Impact of Non-potential Coronal Boundary Conditions on Solar Wind Prediction
Marion Weinzierl, Francois-X. Bocquet, Anthony R. Yeates

TL;DR
This study evaluates how replacing potential with non-potential coronal boundary conditions affects solar wind predictions at Earth, finding that non-potential models perform better during solar maximum, while potential models excel during the descending phase.
Contribution
It introduces a comparison between potential and non-potential coronal boundary conditions for solar wind prediction, highlighting their respective performances across solar cycle phases.
Findings
Non-potential models improve predictions during solar maximum.
Potential models perform better during the descending phase.

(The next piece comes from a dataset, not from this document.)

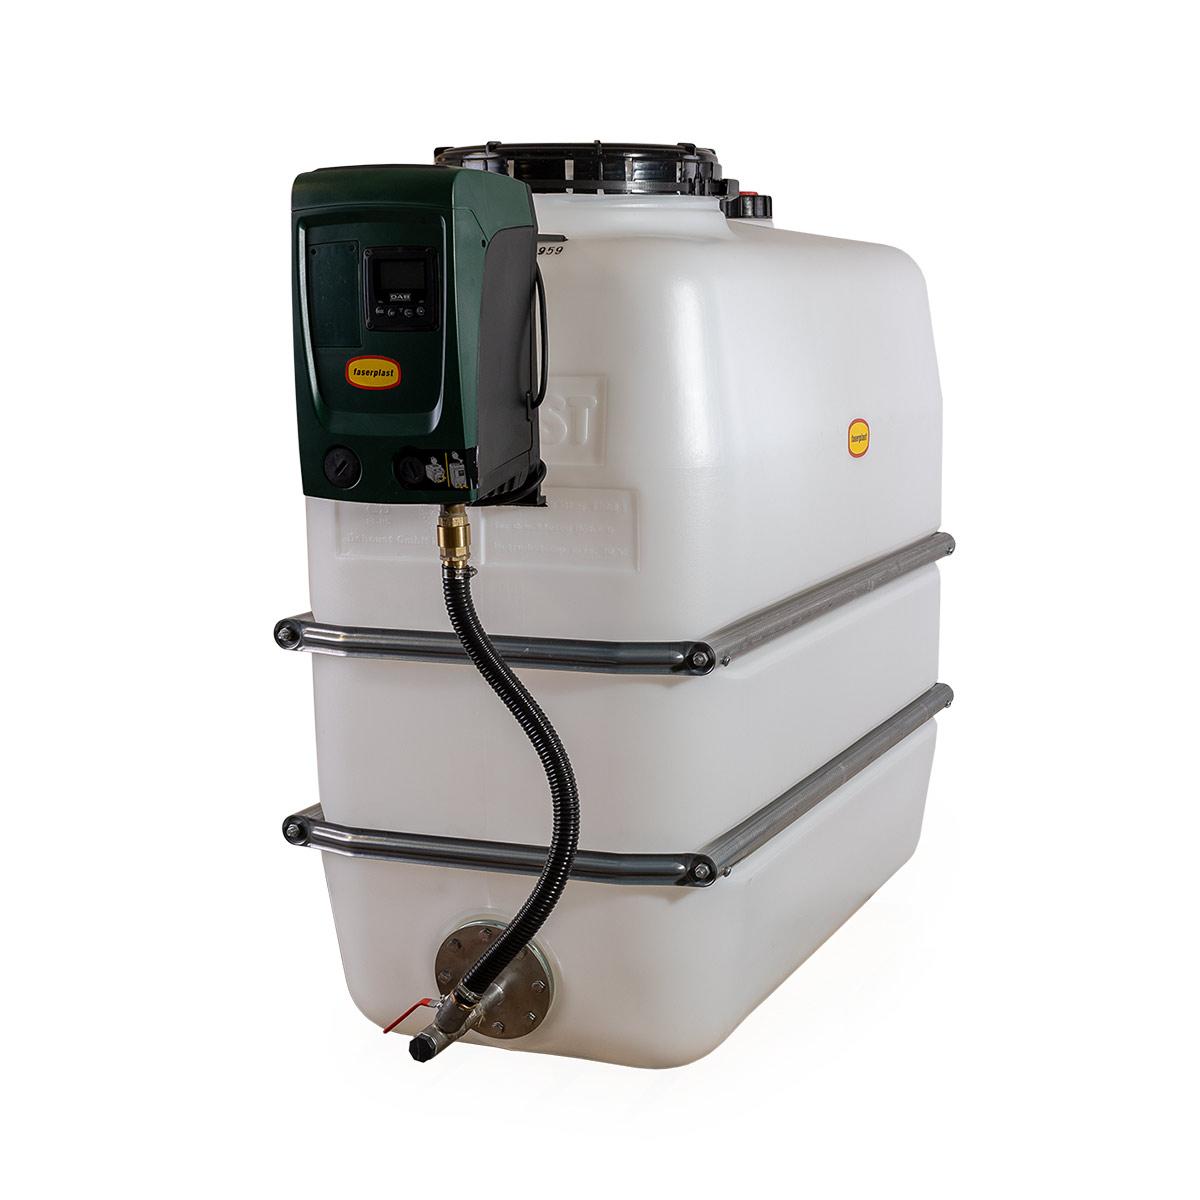 Hauswasseranlage HaWa 690

Wang-Sheeley-Arge model excels in predicting high-speed streams.
Abstract
Predictions of the solar wind at Earth are a central aspect of space weather prediction. The outcome of such a prediction, however, is highly sensitive to the method used for computing the magnetic field in the corona. We analyze the impact of replacing the potential field coronal boundary conditions, as used in operational space weather prediction tools, by non-potential conditions. For this, we compare the predicted solar wind plasma parameters with observations at 1 AU for two six-months intervals, one at solar maximum and one in the descending phase of the current cycle. As a baseline, we compare with the operational Wang-Sheeley-Arge model. We find that for solar maximum, the non-potential coronal model and an adapted solar wind speed formula lead to the best solar wind predictions in a statistical sense. For the descending phase, the potential coronal model performs best. The…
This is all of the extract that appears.